5 exercises on distributed data terms — consistency, replication, and partitioning.
0 / 5 completed
1 / 5
What does the CAP theorem state?
The CAP theorem says that a distributed data store can simultaneously provide at most two of three properties: Consistency (every read sees the latest write), Availability (every request gets a non-error response), and Partition tolerance (the system keeps working despite dropped messages between nodes). Since network partitions are unavoidable in real systems, the practical choice during a partition is between consistency and availability. CP systems reject requests to stay consistent; AP systems keep serving but may return stale data. The theorem frames the fundamental trade-offs in distributed database design.
2 / 5
What is a quorum in a replicated database?
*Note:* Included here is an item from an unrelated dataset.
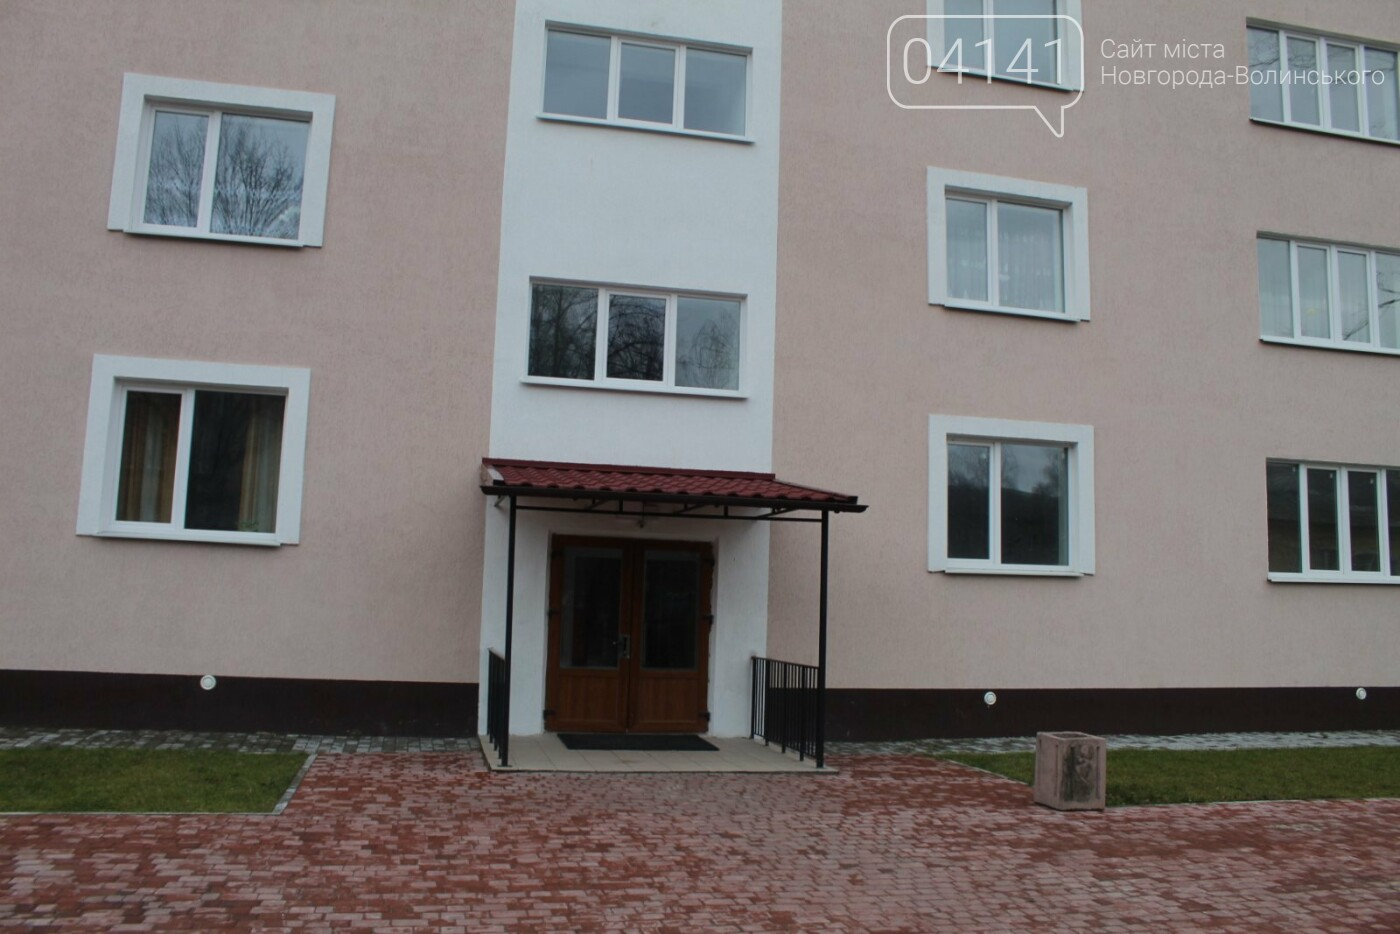 Як виглядають новобудови Новограда-Волинського (ФОТОРЕПОРТАЖ), фото-25

A quorum is the minimum number of replica nodes that must respond for a read or write to be considered successful. With N replicas, a write quorum W and read quorum R satisfying W + R > N guarantees that any read overlaps with the latest write, ensuring strong consistency. Tuning W and R trades latency against consistency: smaller quorums are faster and more available but risk reading stale data. Quorum-based replication (popularized by Dynamo-style systems) lets operators dial the consistency level per operation.
3 / 5
What is sharding?
Sharding is horizontal partitioning: the dataset is split into disjoint subsets called shards, each stored on a different node, so the system scales beyond a single machine's capacity. A shard key determines which shard a record lives in — via range, hash, or directory-based routing. Good shard keys distribute load evenly and avoid hotspots. The trade-off is that cross-shard queries, joins, and transactions become expensive or require coordination. Rebalancing shards as data grows is one of the harder operational challenges in distributed databases.
4 / 5
What is eventual consistency?
Eventual consistency is a weak consistency model in which, given no new updates, all replicas will eventually converge to the same value. Reads may temporarily return stale data because writes propagate asynchronously between nodes. This model trades immediate consistency for higher availability and lower latency — a common choice for AP systems under CAP. To resolve conflicting concurrent updates, such systems use techniques like last-write-wins timestamps, vector clocks, or CRDTs. Eventual consistency suits use cases (shopping carts, social feeds) where brief staleness is acceptable.
5 / 5
What is a vector clock used for?
A vector clock is a data structure for capturing the causal relationships between events in a distributed system without relying on synchronized physical clocks. Each node maintains a vector of counters — one per node — incrementing its own on each event and merging maximums on message receipt. By comparing two vectors you can tell whether one event happened-before another or whether they are concurrent (causally independent). Databases use vector clocks to detect conflicting writes that need reconciliation, distinguishing true concurrency from a simple update sequence.